India has presented a 9 point action plan for active cooperation among G-20 countries to efficiently deal with fugitive economic offenders like Vijay Mallya and Nirav Modi. Offenders like them are not limited to India, there are a number of such cases in other G-20 member countries like the United States, Russia. Therefore enhanced cooperation between countries on such much matters will make sure that the offenders are brought to justice. The presented action plan has called for devising a mechanism that will deny entry of economic offenders in the member countries. If such a mechanism would have been in force earlier, Vijay Mallya could not have taken refuge in London.
Additionally, the action plan further calls for legal cooperation such as the early return of economic offenders to the home country and efficient repatriations of crime proceeds. The government action plan also tried to encircle the non G 20 member countries for ‘International Cooperation’ as per principals of United Nations Convention against Corruption (UNCAC), United Nations Convention against Transnational Organized Crime (UNOTC). Indian government suggested for the strengthening of Financial Action Task Force (FATF). FATF is an intergovernmental organization founded in 1989 by G7 (a group consisting of Canada, France, Germany, Italy, Japan, the United Kingdom, and the United States) to develop policies to combat money laundering, and in 2001 its mandate expanded to include terrorism financing. The FATF prepares two lists the ‘blacklist’ and ‘Grey list’. If a country is included in the black list then it has to face international sanctions, although the actions against a grey list country are very minimal.
India is of the view that FATF should assign priority to cases and should focus on the timely exchange of relevant information between Financial Intelligence Units (FIUs) and other competent law enforcement agencies. A commonly agreed procedure should be set up to deal with Fugitive economic offenders. “A common platform should be set up for sharing experiences and best practices including successful cases of extradition, gaps in existing systems of extradition and legal assistance, etc,” suggested India. “G-20 Forum should consider initiating work on locating properties of economic offenders who have a tax debt in the country of their residence for its recovery, suggested the Action Plan,” it added.

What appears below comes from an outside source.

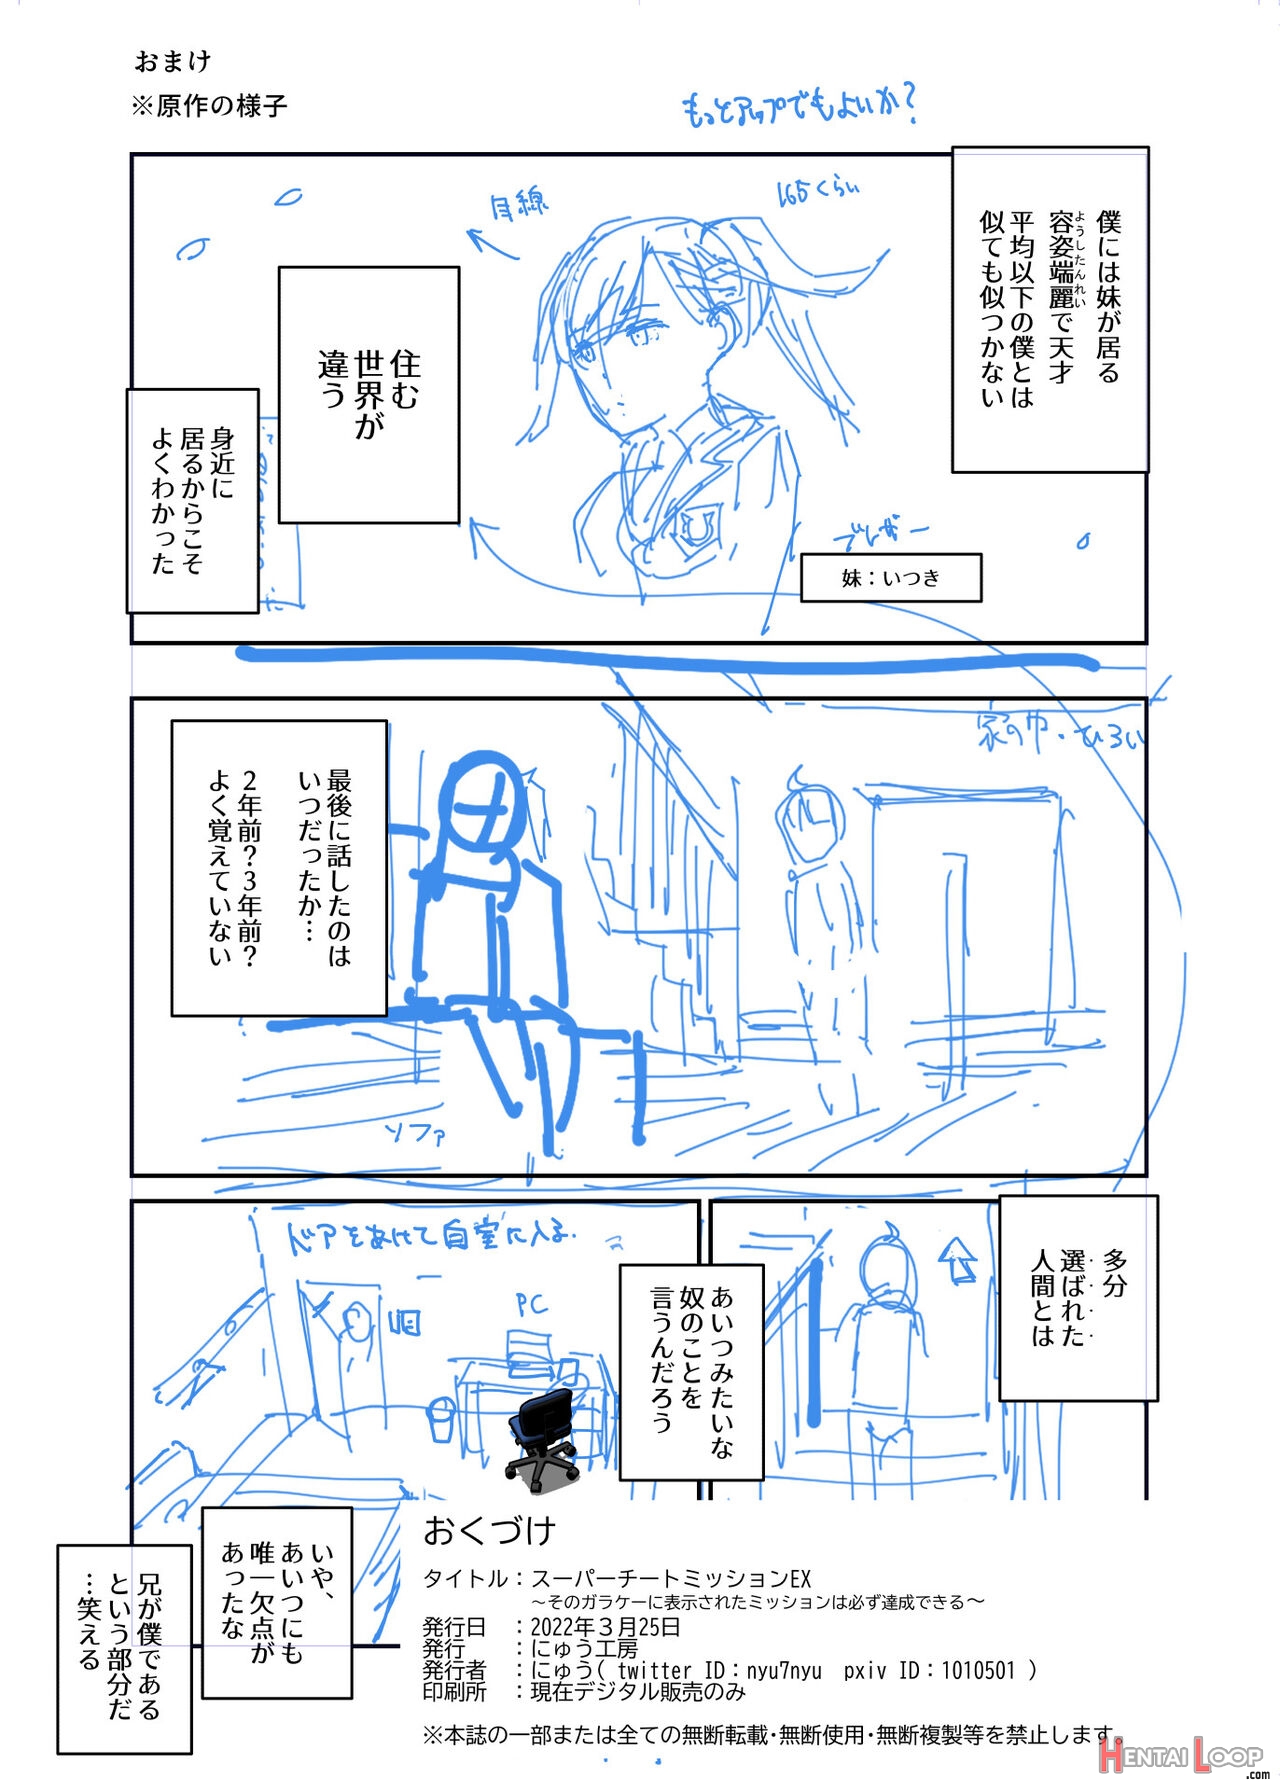 Super Cheat Mission Ex Sono Garake Ni Hyouji Sareta Mission Wa Kanarazu Tassei Dekiru page 47
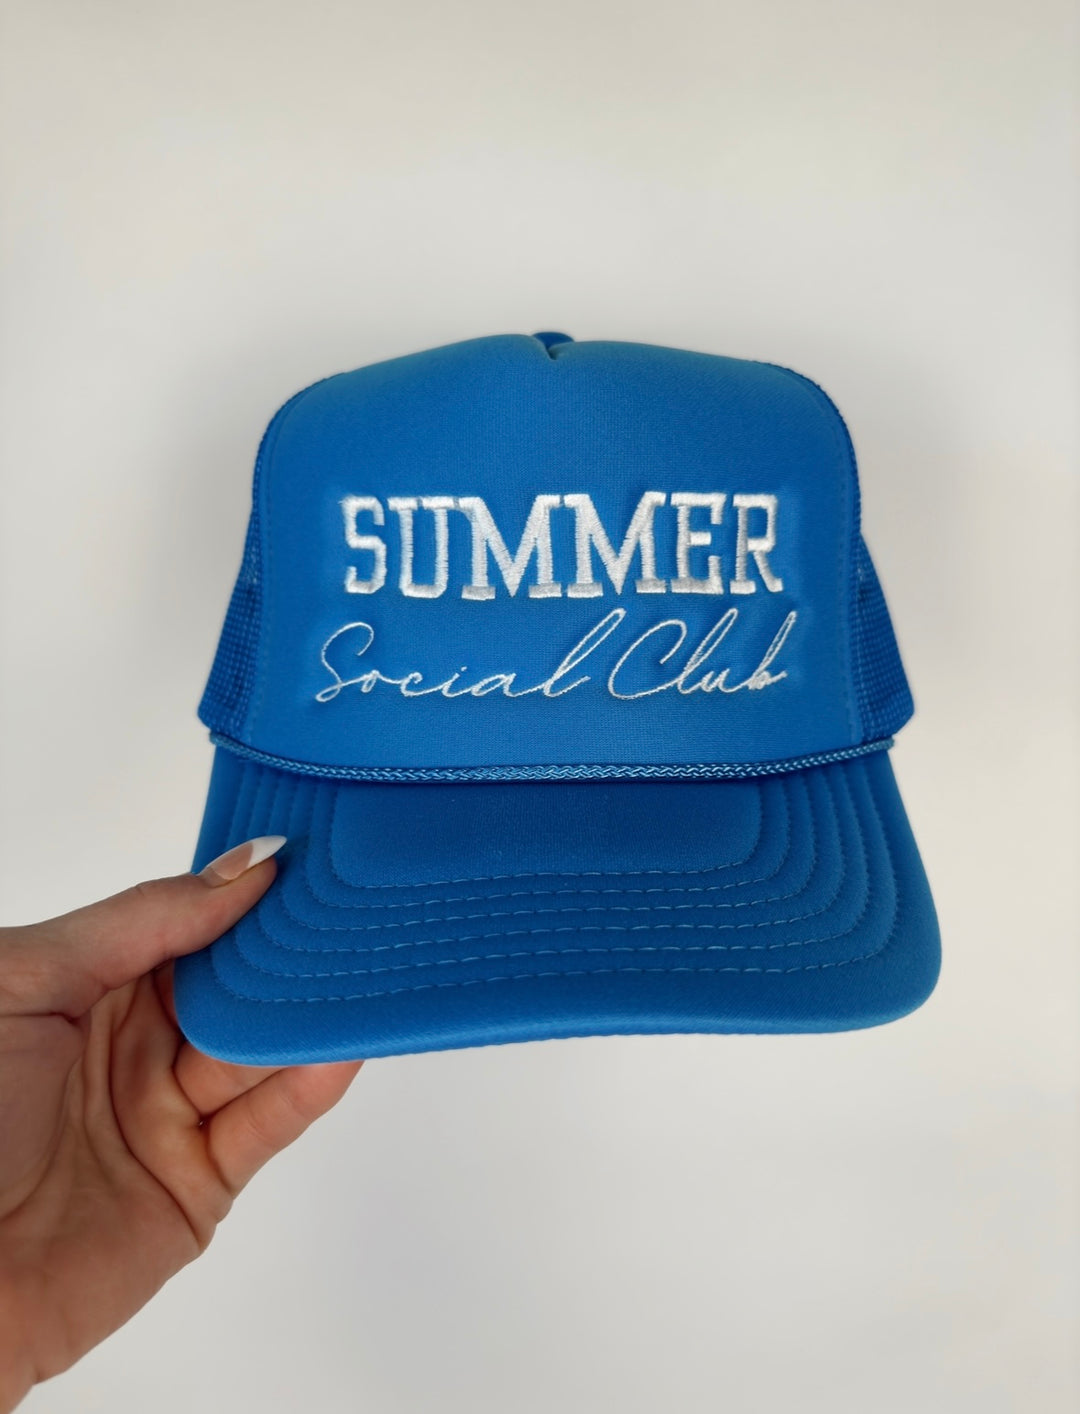 Summer Social Club Trucker Hat - Cobalt Blue

The Indian government has recently tightened rules to bring Fugitive Economic Offenders like Vijay Mallya to justice. The Fugitive Economic Offenders ordinance was approved by cabinet in April this year to address the issue of economic offenders like Vijay Mallya and Nirav Modi avoiding criminal prosecution. The ordinance defines a fugitive economic offender as “a person who has an arrest warrant issued in respect of a scheduled offence and who leaves or has left India so as to avoid criminal prosecution, or refuses to return to India to face criminal prosecution.” The government is creating a master list of all economic offenders to bring them to justice. Some 31 suspected economic offenders have fled the country to avoid prosecution. The people on the list include Nirav Modi‘s wife Ami Nirav Modi and son Neeshal Modi, liquor baron Vijay Mallya, cricket czar Lalit Modi and arms dealer Sanjay Bhandari. The Central Economic Intelligence Bureau (CEIB) which is an intelligence agency responsible for gathering information and monitoring the economic and financial sectors for economic offences and warfare has been entrusted with the task to create the list. All other economic offence investigation agencies such as the Enforcement Directorate, CBI, capital markets regulator SEBI, the tax department, the customs department, and the Directorate of Revenue Intelligence will be providing inputs for the list.
The strengthening of domestic law and global cooperation will help the government to prosecute economic offenders in limited time.